Let me give you a brief example:

Normally, when building 3D models of things that are in game (A gun for example), you would need to model, say 400 triangles to shape a pistol. If you had a computer 10 or 20 times more powerful than the one you are using, THEN it would be easier to add Anti-Aliasing and textures and lighting, etc. BUT, the thing is, that with more power at your disposal, you need to also up the count of polygons (triangles in this case) so that you make use of all that extra power and you provide your consumer with higher end graphics.

In the end, instead of spending X amount of time modeling a 400 triangle pistol, you end up spending double or triple the amount of time modeling a 4,000 or 5,000 triangle pistol.

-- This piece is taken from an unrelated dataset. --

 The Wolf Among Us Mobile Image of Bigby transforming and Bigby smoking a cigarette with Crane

It takes more time to model 4,000 triangles than it did modeling 400. This results in extended periods of man hours put into making that gun more realistic looking; making use of that extra power. In top of that, you need to spend even more time adding Anti-Aliasing, lighting, etc to a now more complex pistol.

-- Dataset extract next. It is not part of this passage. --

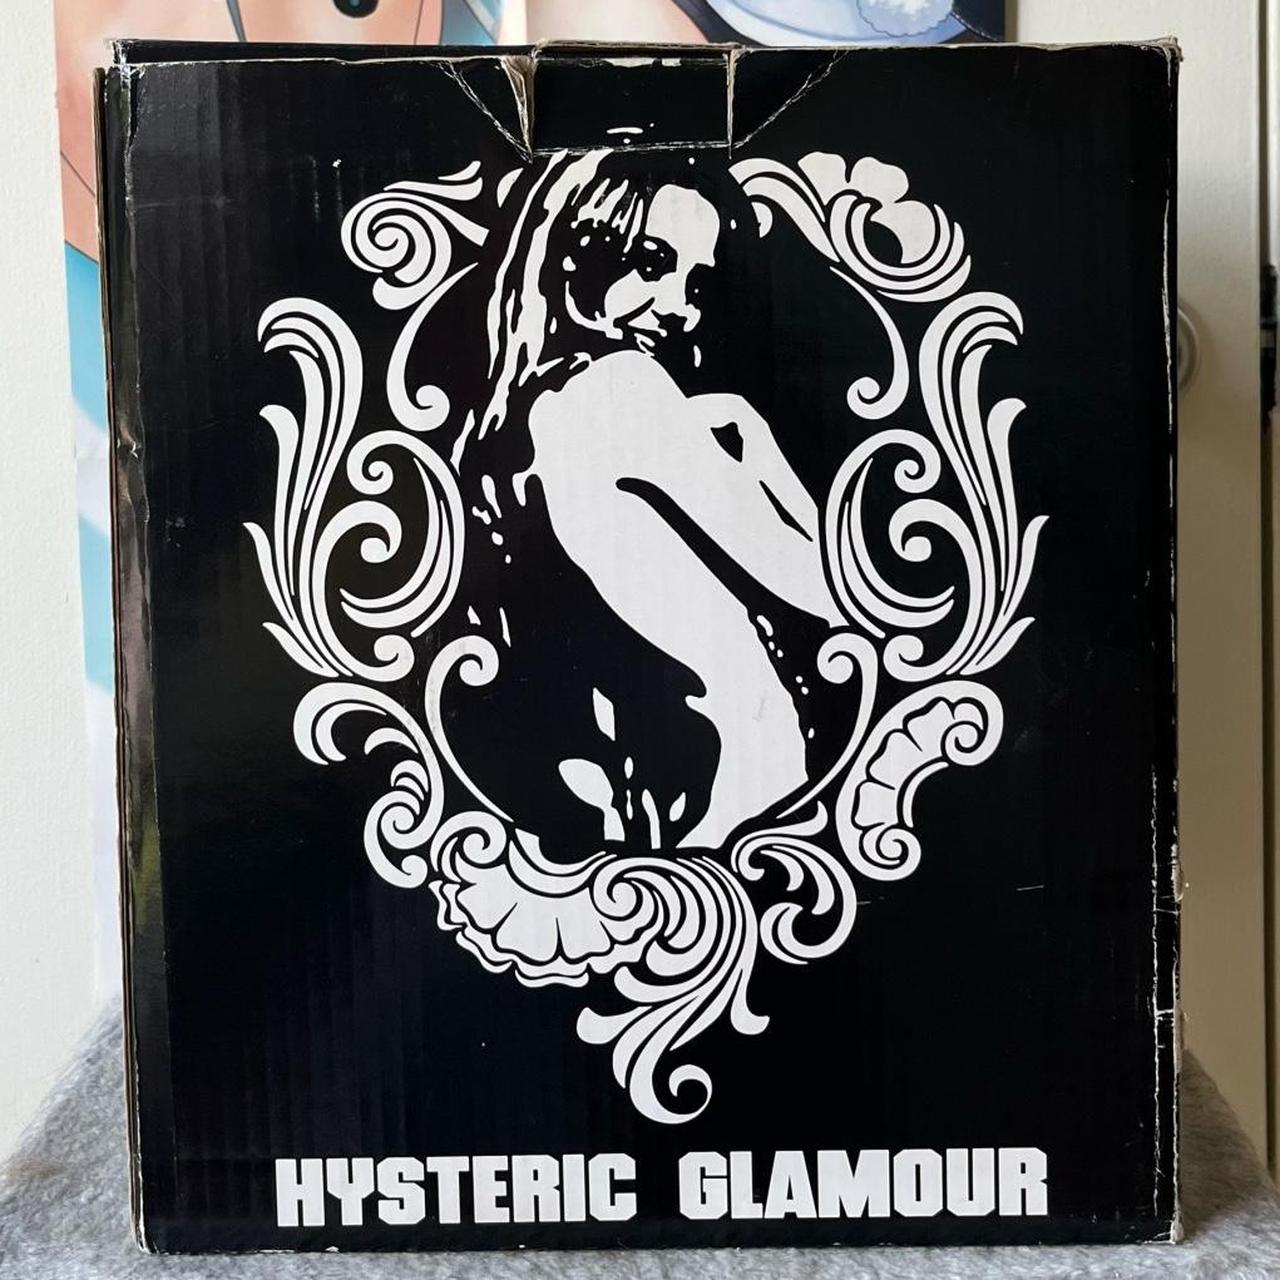 Hysteric Glamour Home, New & Used

Oh, and I didn't want to drag this out too much, but as a side note I do want to point out that this example isn't exactly a very good one for a number of reasons. More notably, antialiasing takes absolutely no effort to add from an asset standpoint: it's essentially a "free" feature that's dependent on a hardware level, and if the hardware is powerful enough to run it, then it can be enabled without any real effort. It's like going from 16-bit to 32-bit color or from 640x480 to 1600x1200 resolution, it doesn't require the development team to actually change the game assets to support it.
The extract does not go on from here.